CPU backend (M = 100M worlds):
| Contract | P̂ (%) | Naive (%) | Adjustment (pp) | Wall time (s) | Throughput (M worlds/s) |
|---|---|---|---|---|---|
| US invades ∧ Regime falls ∧ No nuclear deal | 3.7218 | 2.8495 | +0.872 | 45.086 | 2.2 |
| Iran nuke ∧ NPT withdrawal ∧ No US invasion | 0.3345 | 0.3282 | +0.006 | 45.320 | 2.2 |
| Full de-escalation: nuclear deal ∧ Hormuz normal ∧ No invasion | 14.9613 | 12.4339 | +2.527 | 45.002 | 2.2 |
| Regional war: invasion ∧ Hormuz disrupted ∧ Kharg Island lost | 4.0766 | 2.1220 | +1.955 | 45.044 | 2.2 |
GPU backend (M = 1B worlds, NVIDIA L4):
| Contract | P̂ (%) | Naive (%) | Adjustment (pp) | Wall time (s) | Throughput (M worlds/s) |
|---|---|---|---|---|---|
| US invades ∧ Regime falls ∧ No nuclear deal | 3.7214 | 2.8495 | +0.872 | 36.389 | 27.5 |
| Iran nuke ∧ NPT withdrawal ∧ No US invasion | 0.3346 | 0.3282 | +0.007 | 35.946 | 27.8 |
| Full de-escalation: nuclear deal ∧ Hormuz normal ∧ No invasion | 14.9565 | 12.4339 | +2.523 | 35.863 | 27.9 |
| Regional war: invasion ∧ Hormuz disrupted ∧ Kharg Island lost | 4.0787 | 2.1220 | +1.957 | 35.982 | 27.8 |
On GPU, JAX achieves ~27.8 M worlds/s across all four contracts — about 4× slower than the CUDA kernel on the same hardware. On CPU, JAX at 2.2 M worlds/s is faster than the serial baseline (0.64 M worlds/s).
Profiling
Figure 4: CUDA runtime breakdown from Nsight Systems (M = 100M worlds).

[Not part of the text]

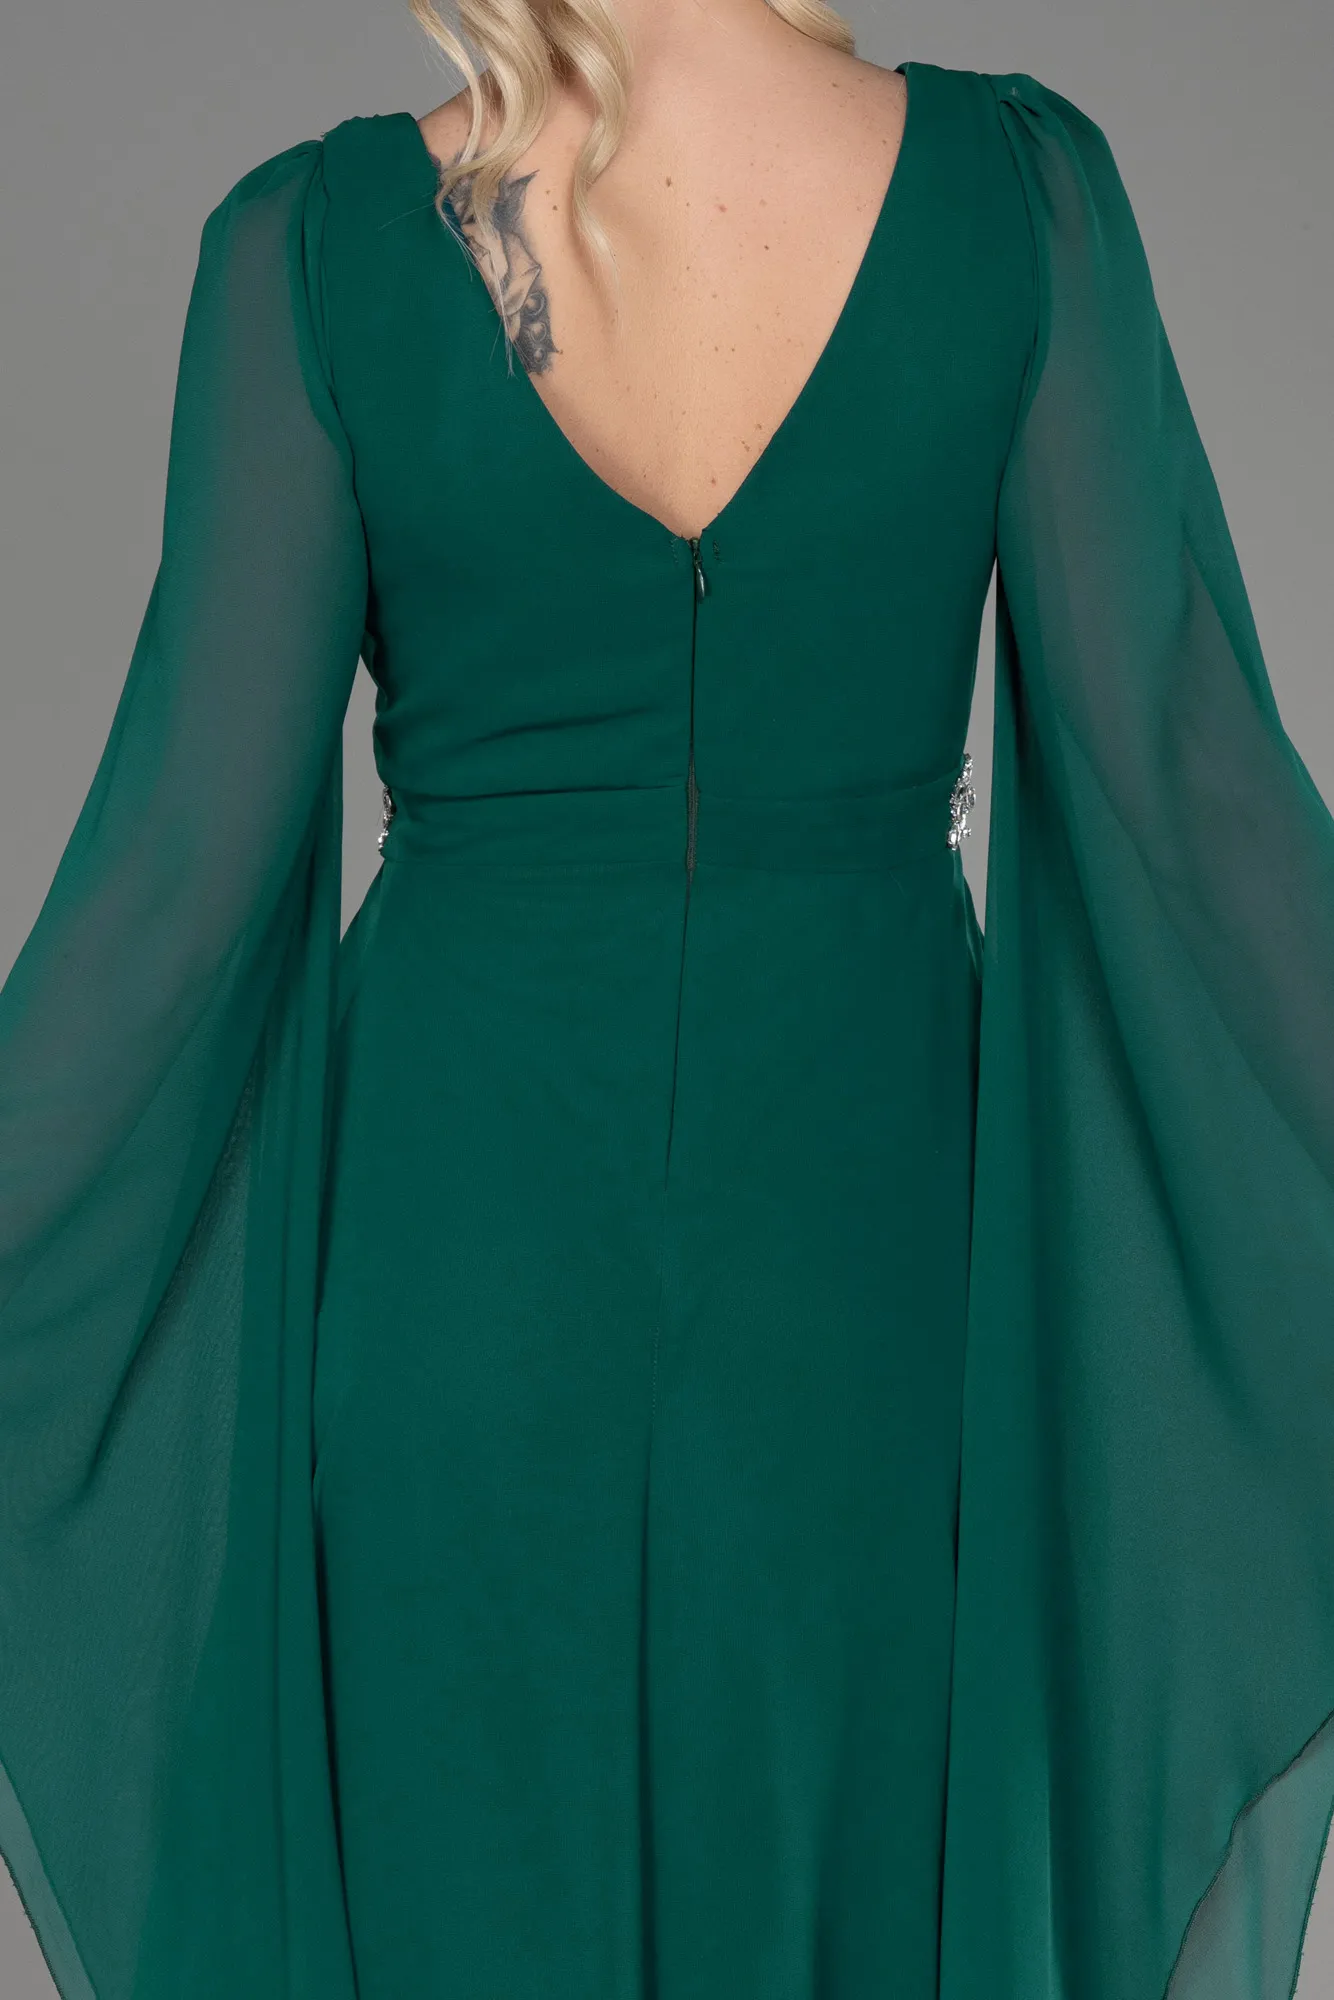 Emerald Green-Long Chiffon Evening Dress ABU3541

Nsight Systems shows that 89.2% of GPU time is spent in mc_kernel (857ms) and 10.8% in cudaMemcpyToSymbol (104ms) — that's the one-time upload of the Cholesky factor to constant memory. The kernel is fully compute-bound.
Figure 5: Peak throughput across all five implementations (log scale).
Conclusion
This project implemented a correlated Monte Carlo contract pricer across five parallel programming models, using real Polymarket data for 33 Iran/Middle East geopolitical events. The simulation is embarrassingly parallel by nature since each world is independent, so it's really nice for testing parallel code.

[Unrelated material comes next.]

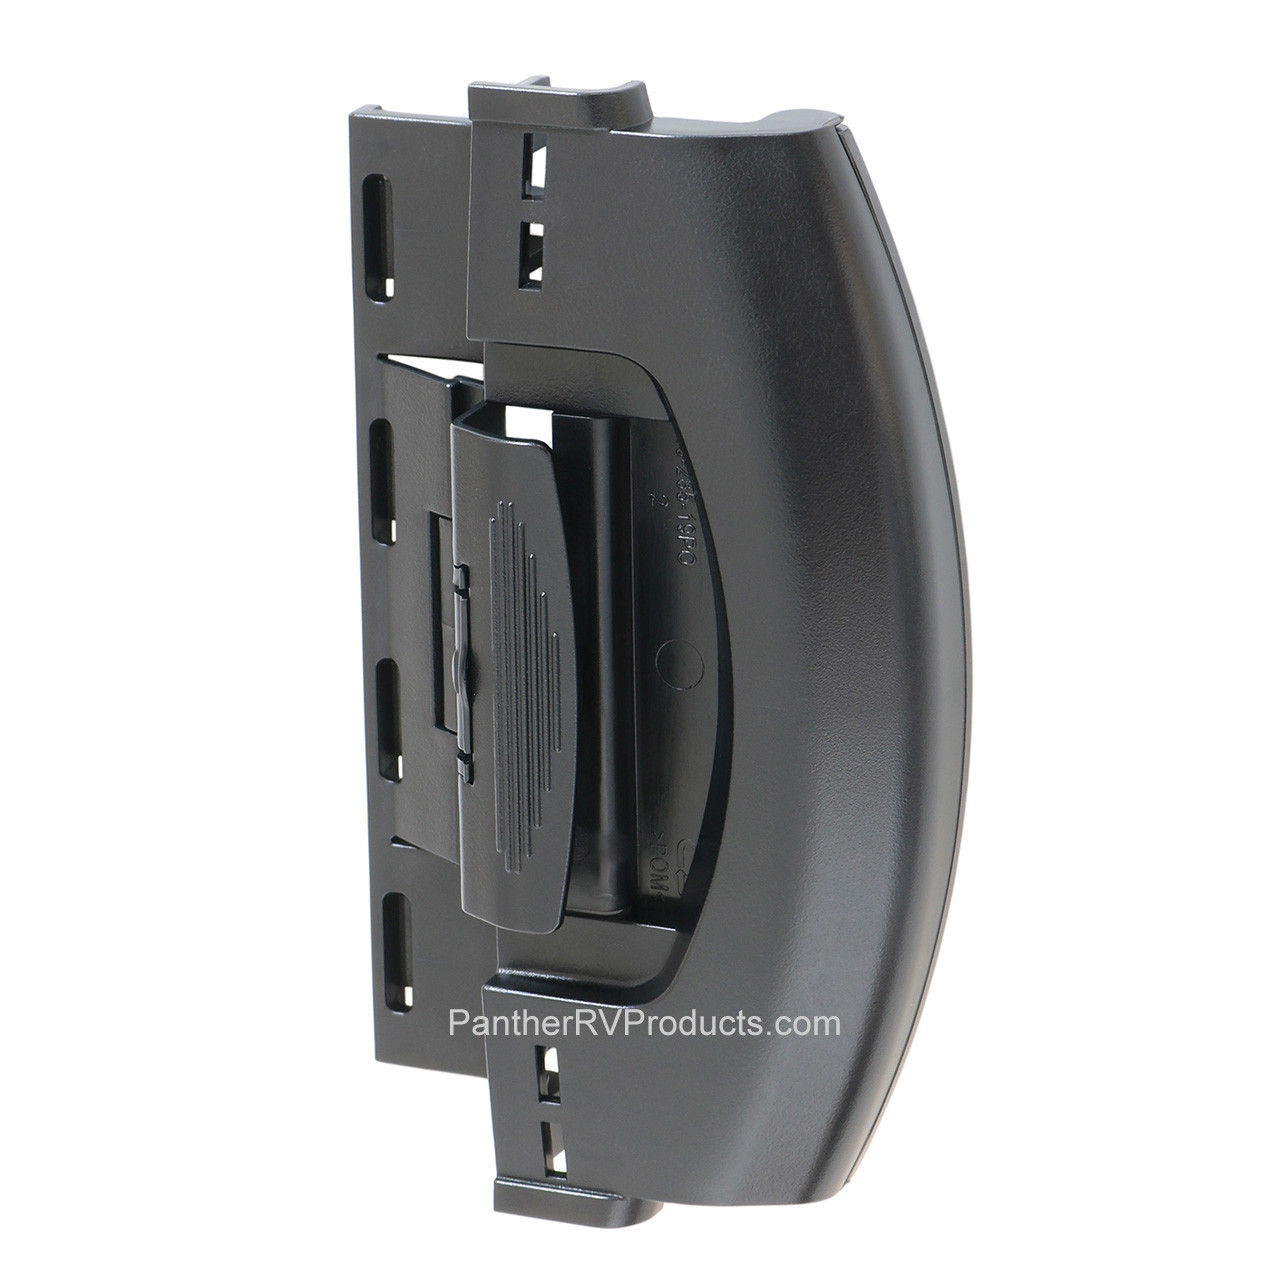 Dometic™ Coolmatic 4450015355 OEM Refrigerator Door Latch / Handle - S/S

The key finding from the simulation is that the correlated probability of the target contract (US invades Iran ∧ Iranian regime falls ∧ no nuclear deal) is 3.72% — meaningfully higher than the naive independent estimate of 2.85%, a +0.87 pp adjustment driven by the positive correlation between a US invasion and Iranian regime change.
And also we're doomed because everyone's addicted to sports betting, bye.